■ DATA EXCERPT ■
▼▼▼

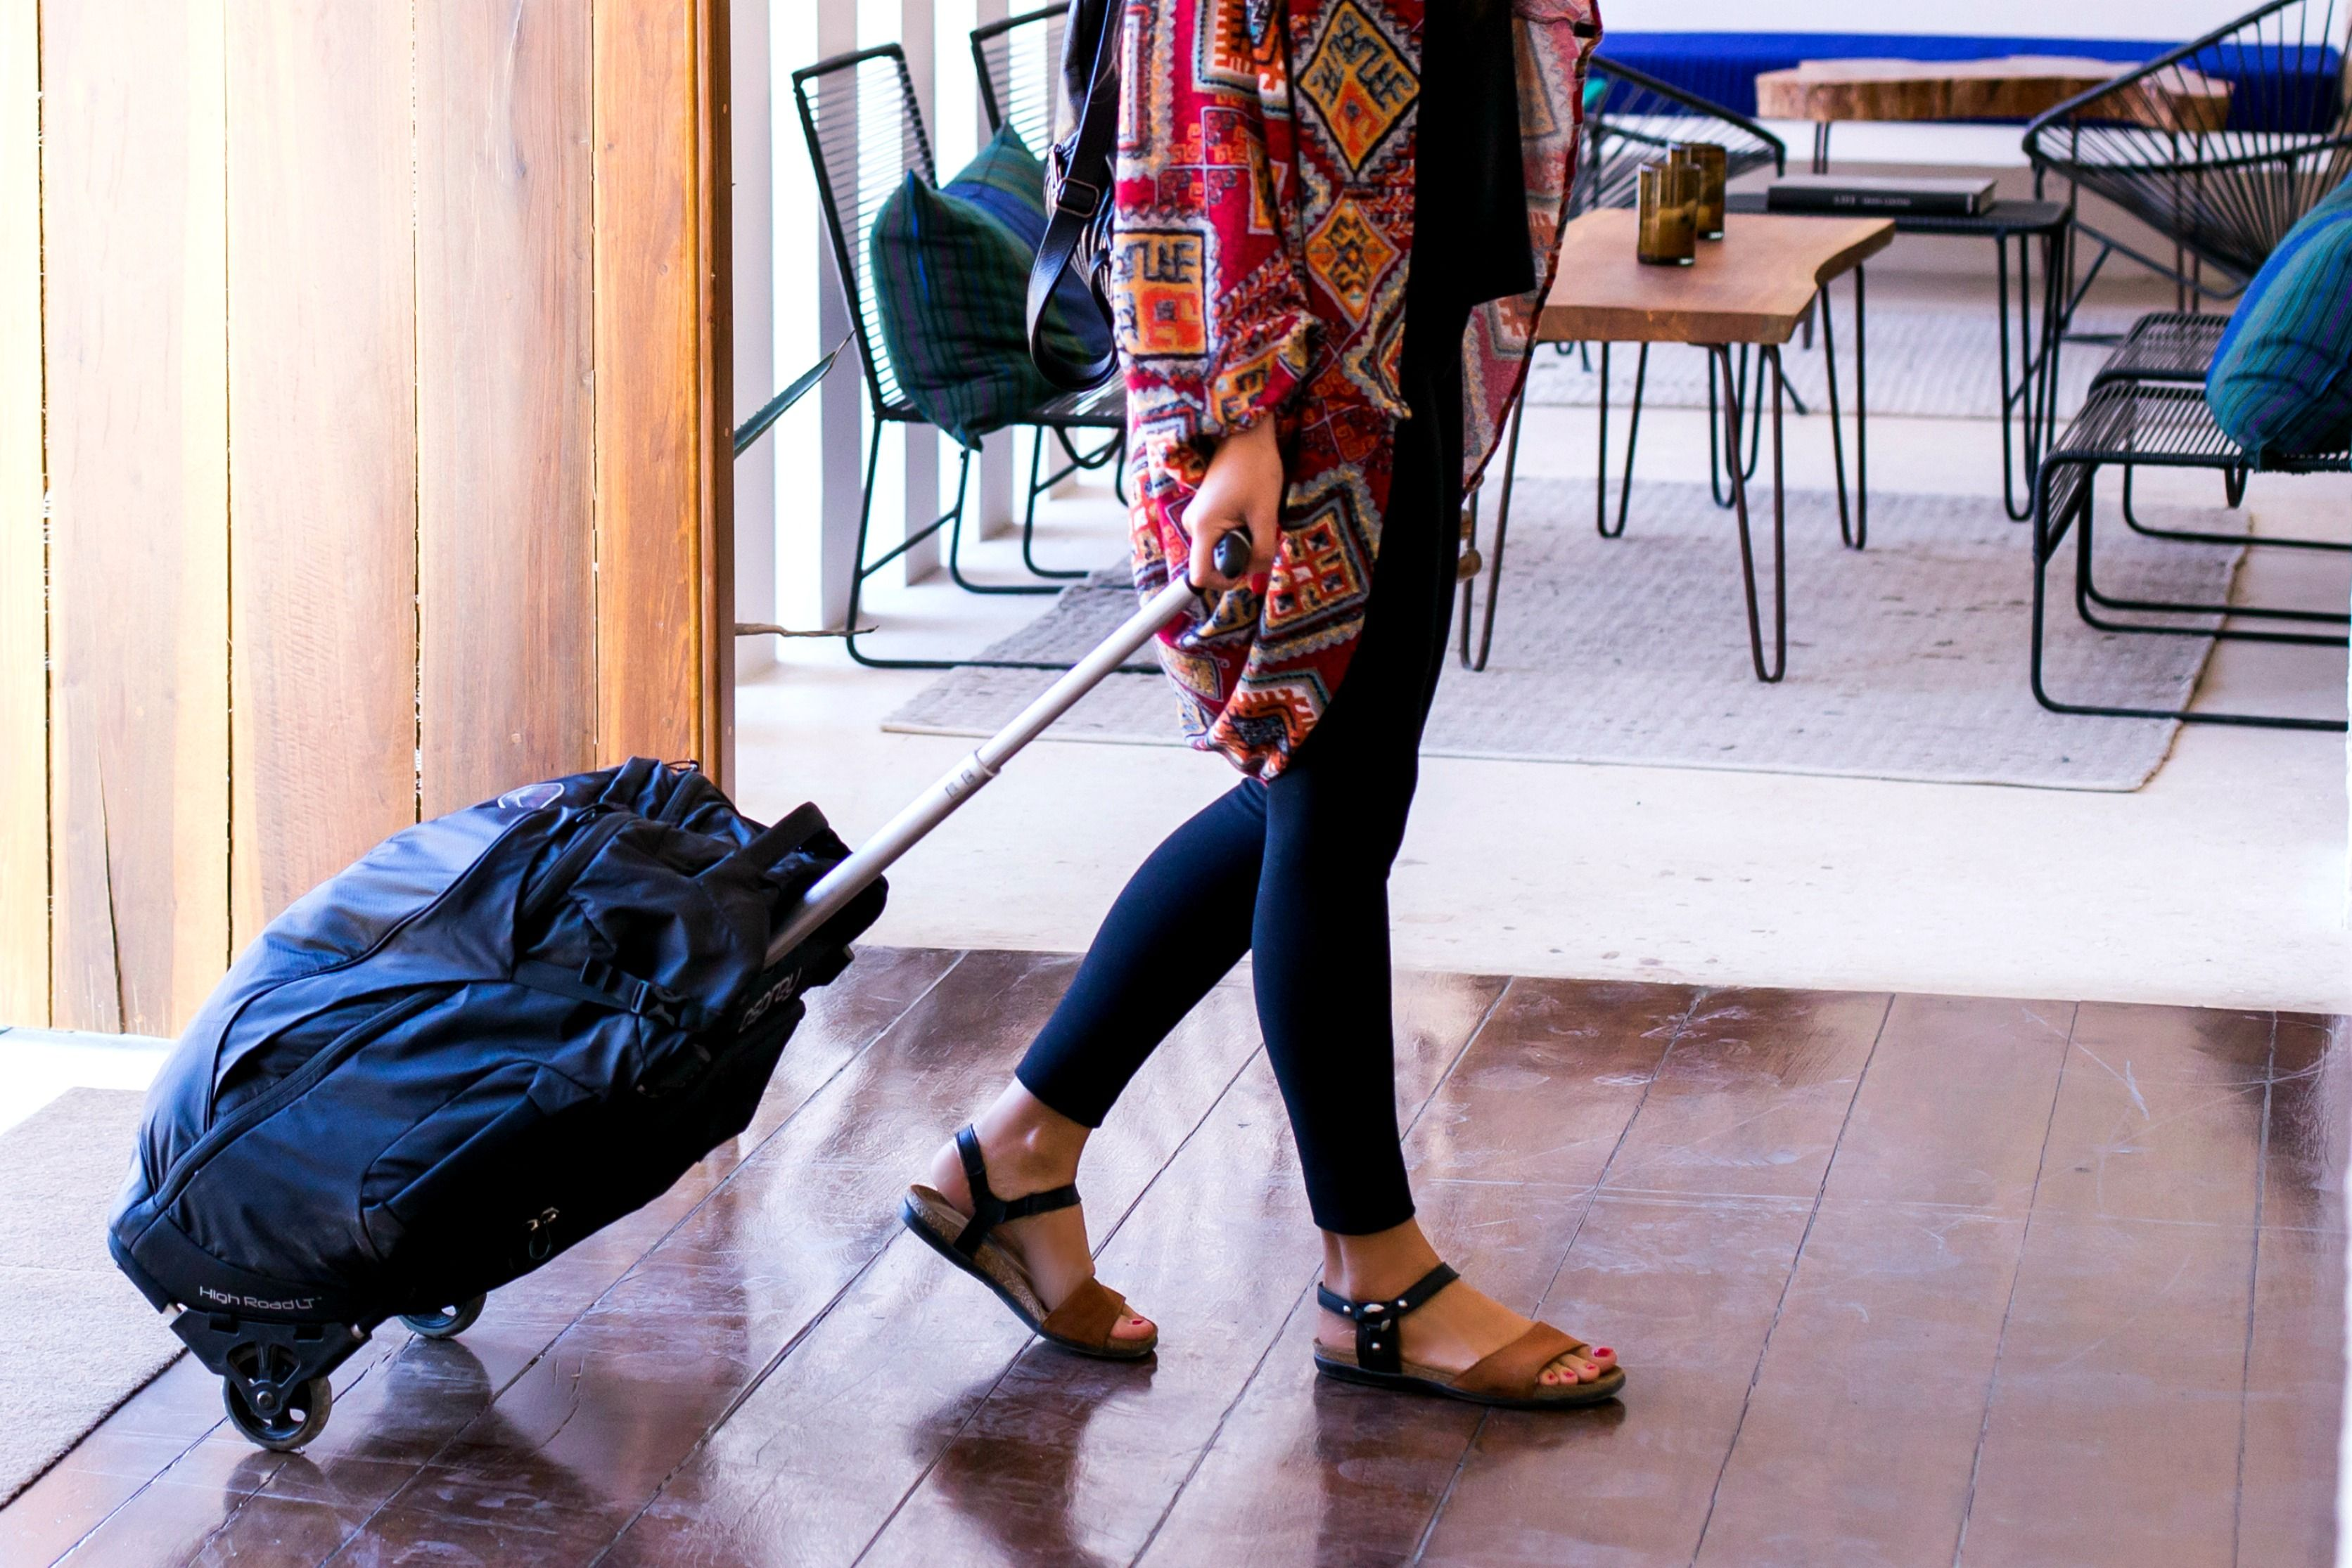 moose en felt myfeltboots winter comforter walking for my comfortable boots women feltboots catalog valenki shoes
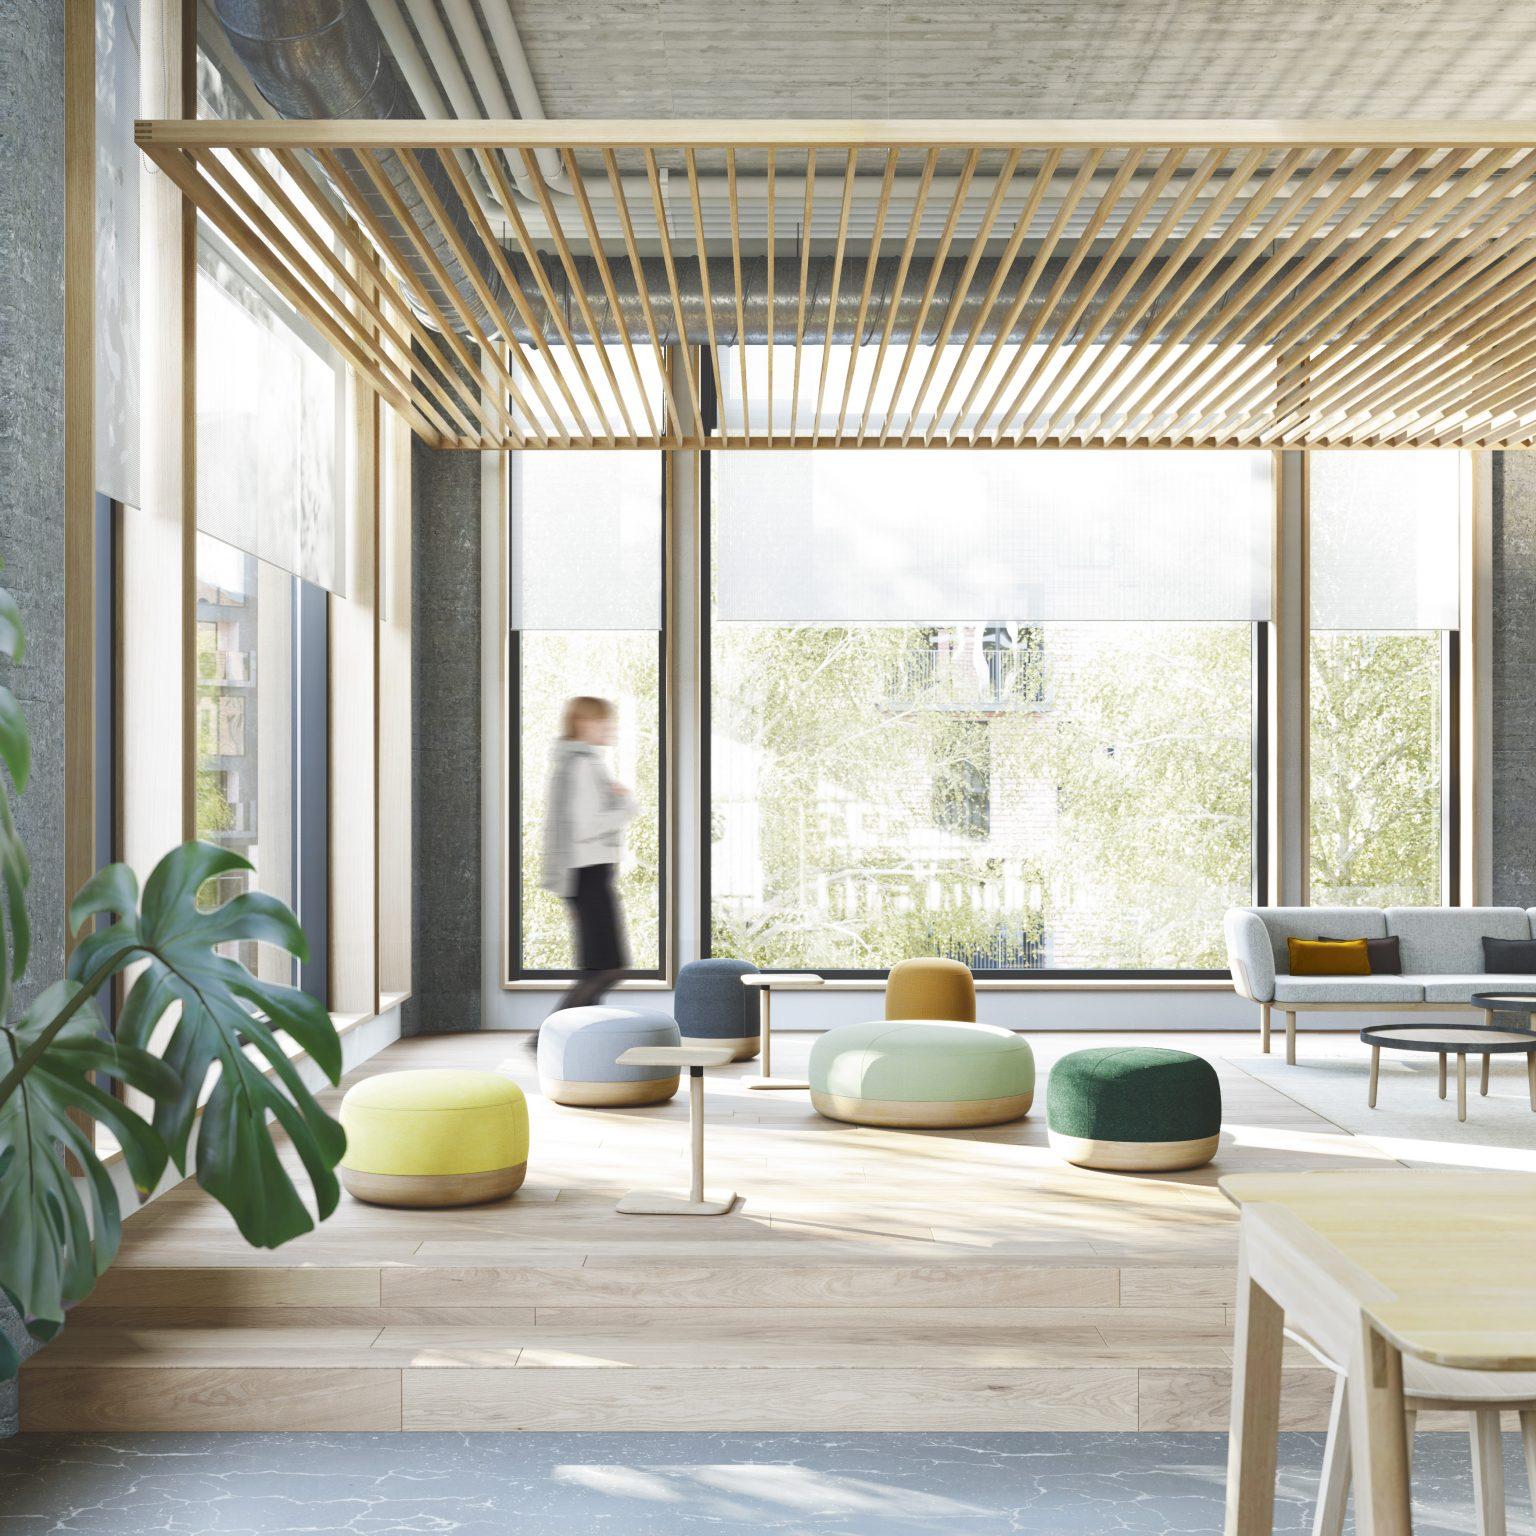 Biennale Interieur - Belgium's leading design and interior event - Alki-work-installation-15.jpg
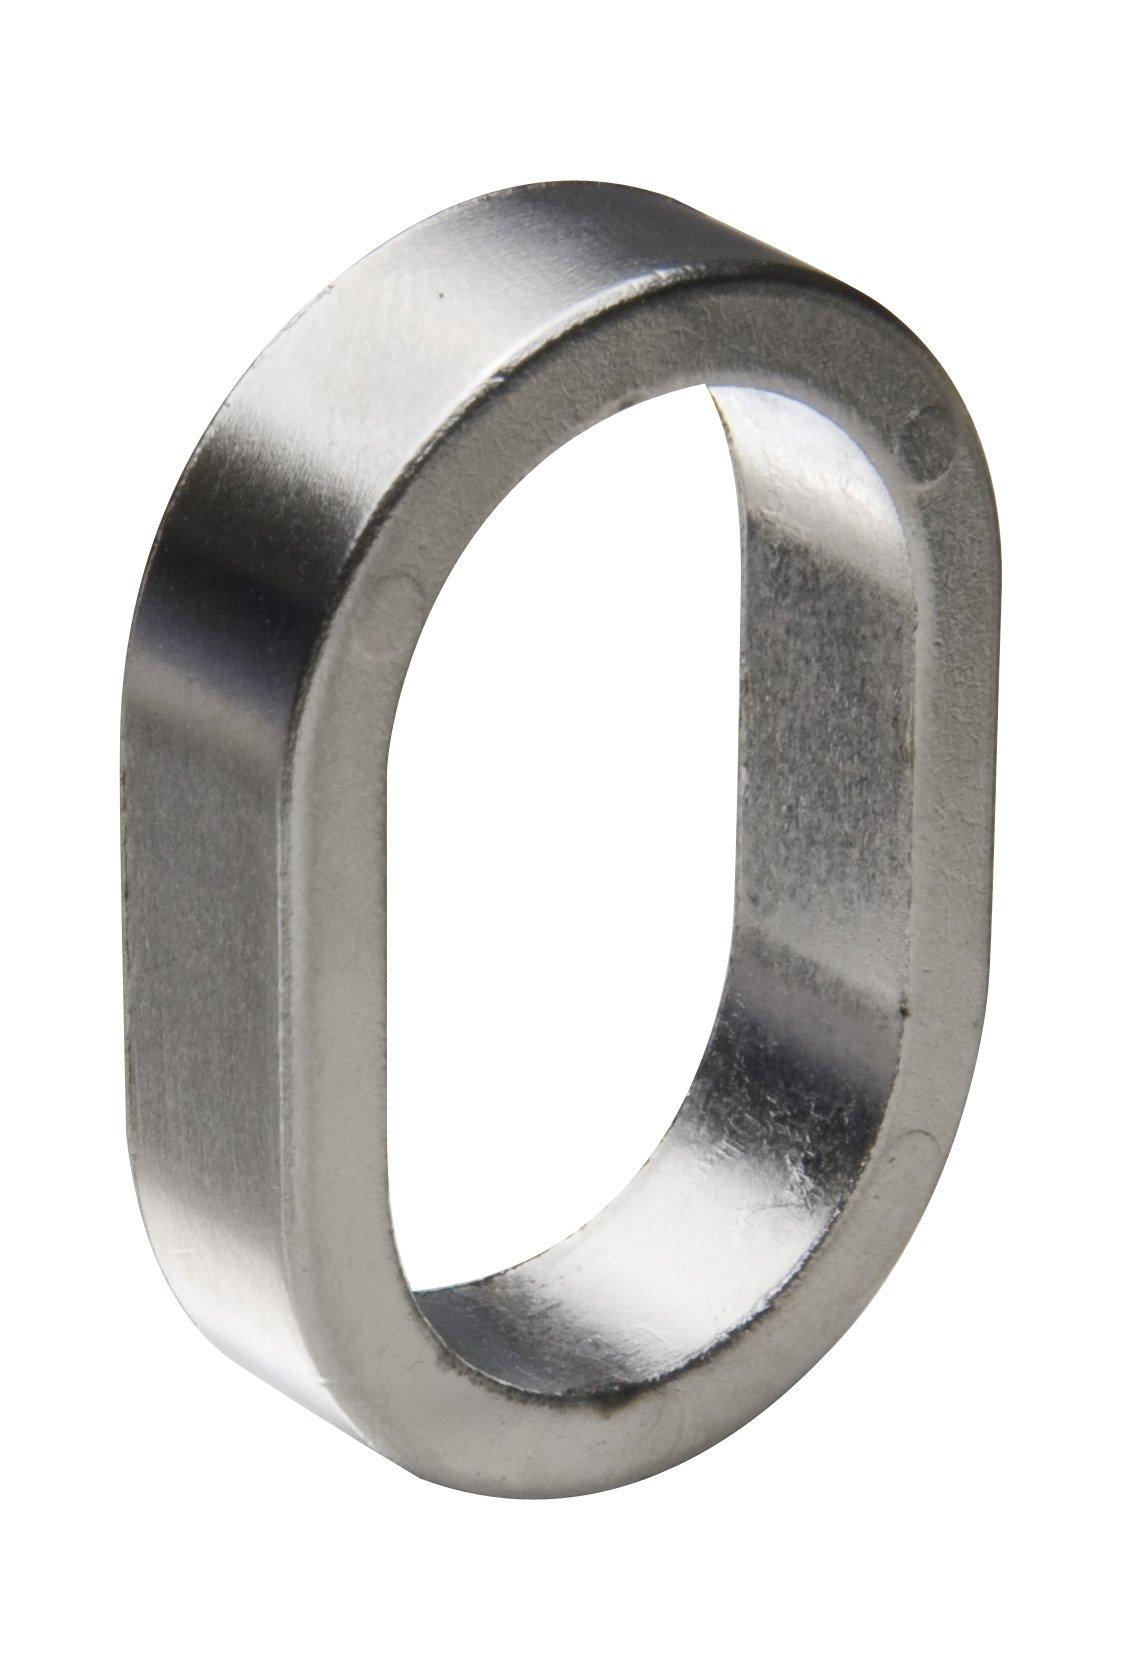 Distansring 10 mm

▲▲▲

■ EXERCISE AIM ■
With the images excluded, reproduce the data above precisely as written.

■ SOLVED PROBLEM ■
 moose en felt myfeltboots winter comforter walking for my comfortable boots women feltboots catalog valenki shoes
 Biennale Interieur - Belgium's leading design and interior event - Alki-work-installation-15.jpg
 Distansring 10 mm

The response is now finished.